There, and in a couple of other Underground stations in the East End, a bunch of the entitled eejits climbed on top of eco-friendly electric trains to protest about climate change. Atop the train they unfurled their plasticky looking banner proclaiming 'Business As Usual - Death.'
Exactly the sort of uplifting message you want to see at half past eight on a mean October morning en route to the daily grind.
As we are all aware (raising awareness is the mantra of XR) climate change is caused by, among other things, gas-guzzling cars, not eco-friendly electric trains ferrying working people to their places of employment.
But XR don't care about the people on the platform. The world ends tomorrow - well, in 12 years or thereabouts - and they must prepare us to meet our doom. What does it matter if people are late for work and lose pay as a result? The XR lot think that's a small price to pay. They've given up their coffee morning to be there...
They are the sandwich-boarded street preachers of our times although kitted out in more theatrical garb. They're big on gluing themselves to things, face paint, "fun" costumes and tuneless banging on drums. They're Broccoli Man. And the inner Kensington Liberation Front doing a mime performance to womb music.
All of which, apparently, contributes to awareness being raised.
In the working class East End stations they just raised hackles and angry voices. Passengers, jam-packed and fed up with the delay, grabbed hold of the protesters and no-platformed them. Punches were thrown and until station staff and a few bystanders intervened, it was a nasty enough scene.
Will XR learn from this proletarian rebellion? The signs aren't encouraging.
Those who have taken upon themselves the mantle of eco crusaders are big on patronising and short on listening. More egotist than eco-ist. They are generally posh and privileged - retired people with gold-plated pensions at one end of the scale; public school-educated graduates at the other.
And in between the provisional wing of the dinner party circuit.
The sort of people who when they fly down to the Maldives always, always insist on paper straws in their Mojitos. People who haven't clocked that disrupting the lives of "ordinary" working people doesn't win you fans just because you're dressed up as a garden vegetable.
As many of the commuters in East End Tube stations pointed out in heated exchanges with the middle-class protesters stopping them getting to their work this week, XR aren't targeting Government and the big hitters.
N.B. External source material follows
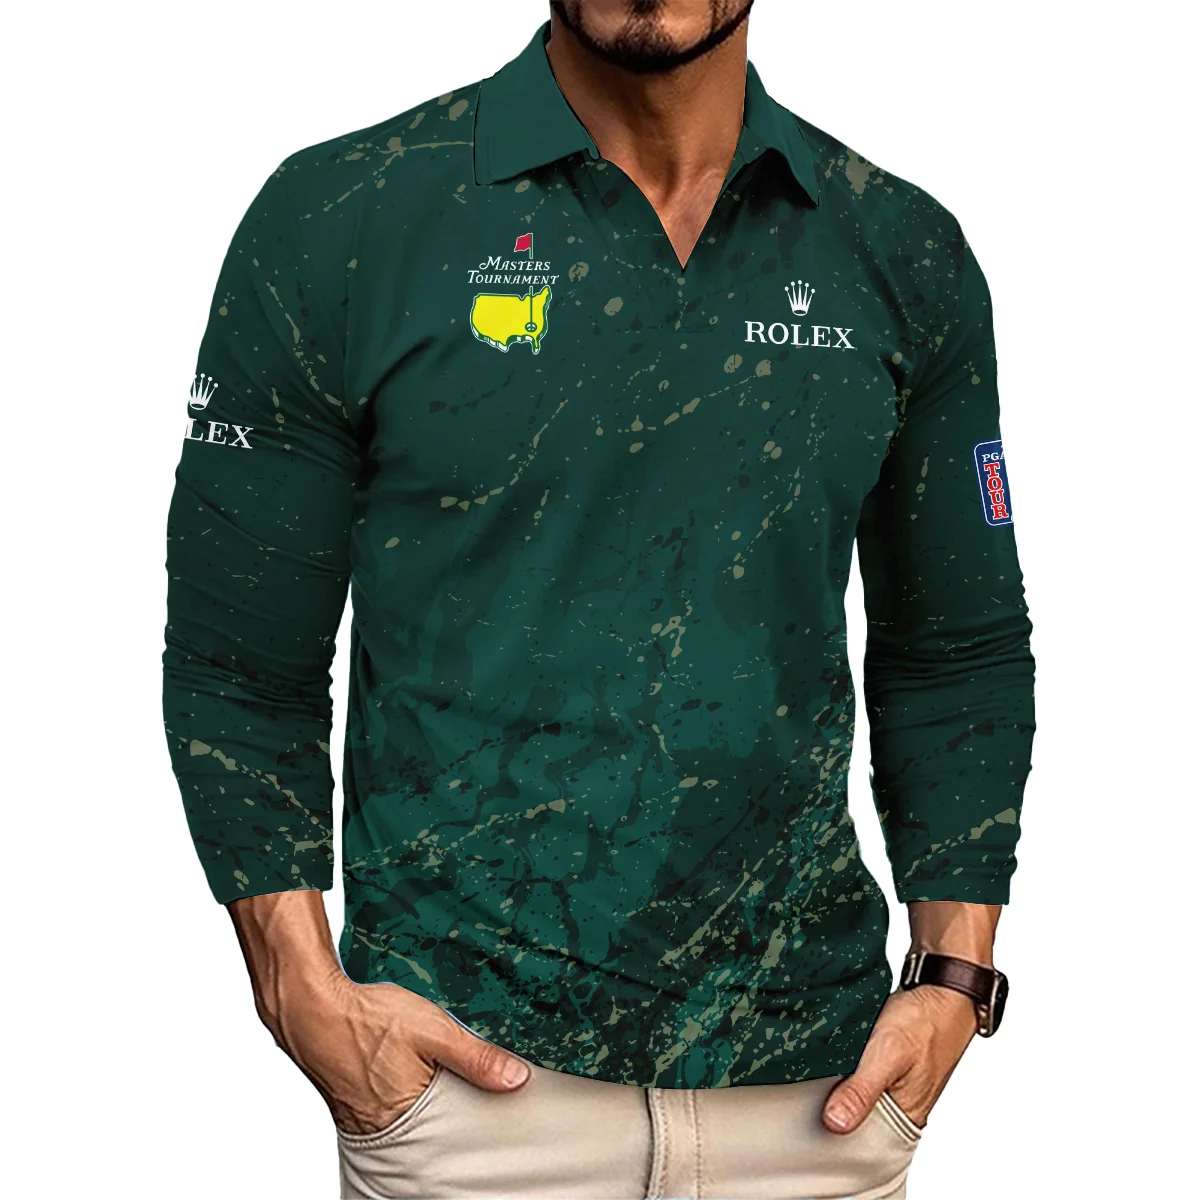 Old Cracked Texture With Gold Splash Paint Masters Tournament Rolex Vneck Long Polo Shirt Style Classic Long Polo Shirt For Men

They're targeting working-class people wanting, needing, to go about their business. They're alienating people who have no issue with the climate change argument.
It's not the XR message that's at fault. It's the whole attitude. To succeed you need to bring people along with you. And you need to be aware of when you're failing to do so.
The DUP, who believe themselves to have been thrown under the bus by Boris this week, might also profit from paying heed to that.
More than hint of sexism in the way EU leaders feted Johnson and hated May
Post-Brexit deal announcement, Boris Johnson was greeted in Brussels on Thursday with a lavish outbreak of glad-handing and backslapping. He was passed around the chamber with leaders cooing over him like a toddler at granny’s birthday party.
Ouch, isn’t he great? Look what he’s just done...
What Boris had just done, actually, was pull off that clever trick of passing himself around.
All that hand-grabbing and congratulatory hugging, he initiated it.
Even uppity Monsieur Macron, who treated Mrs May with glacial disdain, eventually melted into his embrace. Brothers-in-arms.
So has the EU’s approach to the UK’s Prime Ministers been sexist?
According to Amber Rudd, former Home Secretary, there was a “whiff of sexism” about how Tory MPs voted down Theresa’s deal but seemed happy enough with Boris’s not terribly different version.
Was that really sexism, Amber? Or just fatigue and a desire to finally get the thing done.
The EU chiefs are, though, a different kettle of poisson.
Their contempt for Mrs May was pretty obvious from the get-go. Boris has had a much warmer reception. You could indeed argue a whiff of sexism in the EU approach to both PMs.
But Boris played them too.
He is a master of the flattering photo opportunity. With himself centre-stage. And he is cute enough to know that being seen to be feted in Brussels will play well with his own party back home.
I doubt Theresa May will be feeling the love for her successor quite so much. Or for the EU bosses who cold-shouldered her.
Would you call that sexism? Or Brexism?
Kate overdoes it with her 40 shades of green
I know it is the national colour of Pakistan, but has Kate, Duchess of Cambridge, not been overdoing it just a bit this week?
Almost every costume change she's made during this week's official visit she's been wearing yet another outfit in yet another shade of green. Light green. Turquoise. Emerald. Dark green. Sparkly green.
There's paying tribute to your hosts. And then there's laying it on with a trowel.
No cheques at the border for wounded party
The Brexit battle hasn't exactly given us a lot of laughs. I'm sure the DUP weren't especially tickled by allegations that they'd sold out on their "no border in the Irish Sea" stance in order to reap further financial concessions for Northern Ireland (let's not forget the billion they'd previously wrung from the Government). As one online poster put it: "Are they now hoping for cheques at the border?"